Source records

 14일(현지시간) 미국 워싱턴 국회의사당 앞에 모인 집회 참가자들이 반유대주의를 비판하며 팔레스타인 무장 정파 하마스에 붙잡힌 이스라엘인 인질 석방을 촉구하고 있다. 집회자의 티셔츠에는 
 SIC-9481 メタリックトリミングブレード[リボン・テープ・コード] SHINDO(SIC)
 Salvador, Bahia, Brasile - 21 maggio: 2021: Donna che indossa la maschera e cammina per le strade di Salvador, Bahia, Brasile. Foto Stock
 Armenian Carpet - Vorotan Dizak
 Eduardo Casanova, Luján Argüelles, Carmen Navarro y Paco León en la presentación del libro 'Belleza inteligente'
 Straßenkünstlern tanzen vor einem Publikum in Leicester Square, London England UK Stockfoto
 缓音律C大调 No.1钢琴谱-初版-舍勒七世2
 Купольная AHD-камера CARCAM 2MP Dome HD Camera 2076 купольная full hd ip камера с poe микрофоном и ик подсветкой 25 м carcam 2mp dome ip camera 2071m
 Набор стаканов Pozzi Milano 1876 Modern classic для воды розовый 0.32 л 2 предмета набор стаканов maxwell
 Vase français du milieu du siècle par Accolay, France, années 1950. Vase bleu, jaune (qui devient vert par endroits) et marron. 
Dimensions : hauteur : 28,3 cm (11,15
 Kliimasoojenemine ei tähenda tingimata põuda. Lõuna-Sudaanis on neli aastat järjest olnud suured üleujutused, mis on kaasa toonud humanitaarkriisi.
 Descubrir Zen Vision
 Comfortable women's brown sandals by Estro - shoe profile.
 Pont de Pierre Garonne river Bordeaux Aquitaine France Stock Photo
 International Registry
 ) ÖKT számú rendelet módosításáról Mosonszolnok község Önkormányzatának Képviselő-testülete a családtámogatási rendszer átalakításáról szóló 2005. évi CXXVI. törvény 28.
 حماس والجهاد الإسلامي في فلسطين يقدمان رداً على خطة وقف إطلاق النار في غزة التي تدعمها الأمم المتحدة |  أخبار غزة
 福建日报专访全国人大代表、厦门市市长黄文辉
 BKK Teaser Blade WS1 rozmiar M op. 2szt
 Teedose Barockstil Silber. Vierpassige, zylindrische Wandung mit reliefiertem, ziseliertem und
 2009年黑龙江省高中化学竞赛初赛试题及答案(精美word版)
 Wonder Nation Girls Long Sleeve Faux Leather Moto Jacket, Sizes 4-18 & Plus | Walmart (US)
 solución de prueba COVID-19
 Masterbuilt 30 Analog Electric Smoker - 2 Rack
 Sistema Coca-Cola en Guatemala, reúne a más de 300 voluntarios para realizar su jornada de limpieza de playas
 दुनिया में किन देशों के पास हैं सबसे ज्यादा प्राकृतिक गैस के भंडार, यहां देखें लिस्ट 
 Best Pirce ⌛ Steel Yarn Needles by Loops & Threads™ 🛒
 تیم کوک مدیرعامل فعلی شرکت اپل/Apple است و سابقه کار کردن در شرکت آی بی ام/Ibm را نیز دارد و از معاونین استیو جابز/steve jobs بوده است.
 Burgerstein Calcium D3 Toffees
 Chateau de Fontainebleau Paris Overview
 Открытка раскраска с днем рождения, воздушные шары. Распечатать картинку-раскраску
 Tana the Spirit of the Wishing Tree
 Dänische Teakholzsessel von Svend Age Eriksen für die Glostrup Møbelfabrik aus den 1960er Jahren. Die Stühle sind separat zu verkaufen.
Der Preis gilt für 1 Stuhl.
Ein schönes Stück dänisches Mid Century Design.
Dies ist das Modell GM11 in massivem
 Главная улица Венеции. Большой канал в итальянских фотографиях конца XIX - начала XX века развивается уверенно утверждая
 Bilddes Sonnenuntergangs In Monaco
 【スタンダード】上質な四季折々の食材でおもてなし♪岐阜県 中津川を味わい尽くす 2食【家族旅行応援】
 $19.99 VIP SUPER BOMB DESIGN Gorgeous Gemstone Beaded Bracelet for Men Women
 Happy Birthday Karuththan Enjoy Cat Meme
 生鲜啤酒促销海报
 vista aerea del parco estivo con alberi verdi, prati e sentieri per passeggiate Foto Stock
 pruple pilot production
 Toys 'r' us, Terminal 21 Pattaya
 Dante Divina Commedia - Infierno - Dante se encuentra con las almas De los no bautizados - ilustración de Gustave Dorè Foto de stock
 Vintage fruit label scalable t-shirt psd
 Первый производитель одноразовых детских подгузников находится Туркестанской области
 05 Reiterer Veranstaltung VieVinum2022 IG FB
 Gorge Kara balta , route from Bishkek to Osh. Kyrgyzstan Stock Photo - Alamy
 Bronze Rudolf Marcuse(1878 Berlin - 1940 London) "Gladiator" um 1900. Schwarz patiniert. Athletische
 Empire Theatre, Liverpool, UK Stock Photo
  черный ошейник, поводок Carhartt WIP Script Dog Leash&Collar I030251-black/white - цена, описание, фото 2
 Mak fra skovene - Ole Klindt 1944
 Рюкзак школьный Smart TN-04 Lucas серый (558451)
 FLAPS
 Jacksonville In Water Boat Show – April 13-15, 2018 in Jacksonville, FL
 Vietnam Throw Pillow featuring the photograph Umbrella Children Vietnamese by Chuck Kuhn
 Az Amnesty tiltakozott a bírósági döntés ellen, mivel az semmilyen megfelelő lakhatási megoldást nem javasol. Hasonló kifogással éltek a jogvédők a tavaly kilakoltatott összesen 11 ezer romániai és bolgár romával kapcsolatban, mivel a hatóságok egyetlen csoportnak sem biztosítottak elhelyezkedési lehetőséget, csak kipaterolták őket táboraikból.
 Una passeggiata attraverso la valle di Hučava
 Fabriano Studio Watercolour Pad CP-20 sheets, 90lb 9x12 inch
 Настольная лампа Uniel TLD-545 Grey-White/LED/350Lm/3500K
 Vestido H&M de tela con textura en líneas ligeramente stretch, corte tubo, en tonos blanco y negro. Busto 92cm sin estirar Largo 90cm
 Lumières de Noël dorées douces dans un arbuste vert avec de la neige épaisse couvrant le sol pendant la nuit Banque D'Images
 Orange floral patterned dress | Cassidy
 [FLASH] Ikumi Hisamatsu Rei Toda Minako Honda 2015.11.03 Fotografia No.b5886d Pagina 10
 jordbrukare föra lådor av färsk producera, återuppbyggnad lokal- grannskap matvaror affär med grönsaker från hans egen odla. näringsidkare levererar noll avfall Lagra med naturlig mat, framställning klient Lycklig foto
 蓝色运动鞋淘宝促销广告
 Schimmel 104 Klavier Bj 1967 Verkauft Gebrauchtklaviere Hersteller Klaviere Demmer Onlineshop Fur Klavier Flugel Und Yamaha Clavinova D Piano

> WHAT YOU HAVE TO DO
State only the number of lines above that contain the word "London".

> RESPONSE BOX
2